The answer to this question is very tricky and the course will spend weeks answering it. The short answer (sufficient for this web page) is that sometimes the bootstrap works, and sometimes it doesn't. When a naive bootstrap doesn't work, some modification may.
Despite the shortness of this section, we will spend about half the course on the bootstrap.
In linear regression (including multiple linear regression, the subject of Stat 5302) we assume
- The errors are independent, normally distributed, mean zero, same variance.
- The response mean is a linear function of unknown parameters
μi = xi1 β1 + xi2 β2 + … + xip βp
In nonparametric regression we drop one or the other of these assumptions.
If one tries to drop both, there is no structure left to make it
regression problem, at least no structure that has led to any
usable statistical methodology.
If we drop assumption 1 (normal errors) but keep assumption 2 (means linear in the regression coefficients), we get robust regression, procedures robust to departure from normality assumptions.

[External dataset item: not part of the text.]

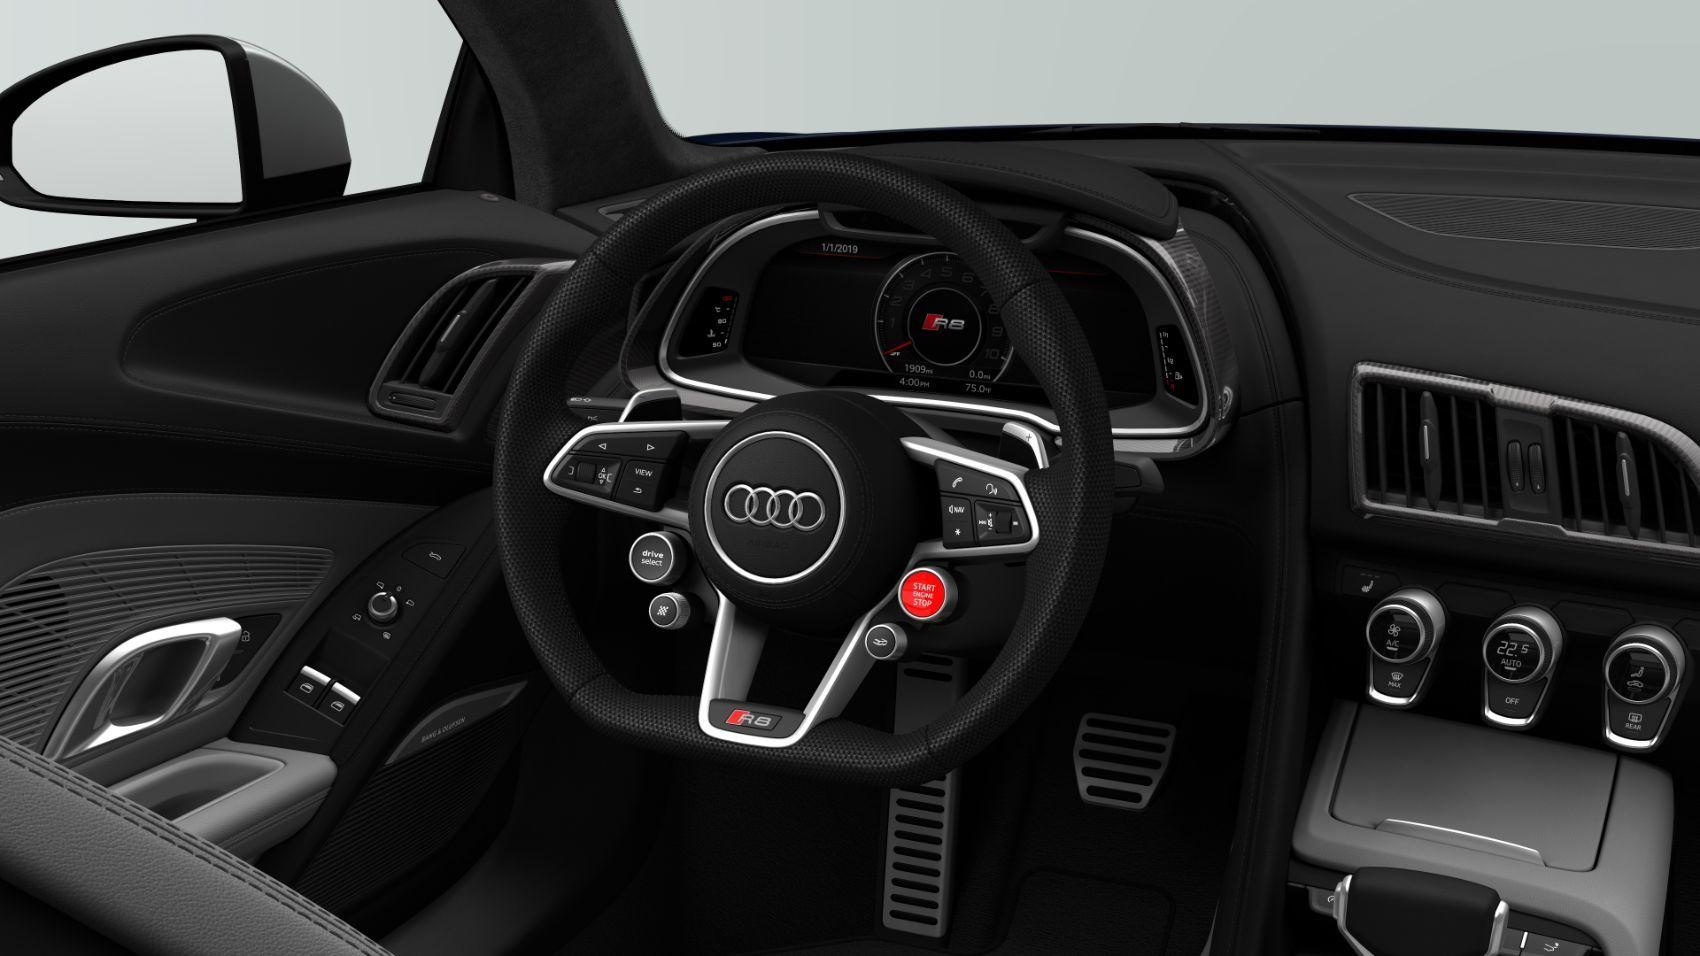 2020 Audi R8 V10 quattro Mugello Blue 4

Since we are not making parametric assumptions about the error distribution, this is nonparametric.
We will just do a few examples of this.
SmoothingIf we keep assumption 1 (normal errors) but drop assumption 2 (means linear in the regression coefficients), we get smoothing, which assumes means are smooth functions of predictor variables
Since we are not making parametric assumptions about the form of the mean function, this is nonparametric.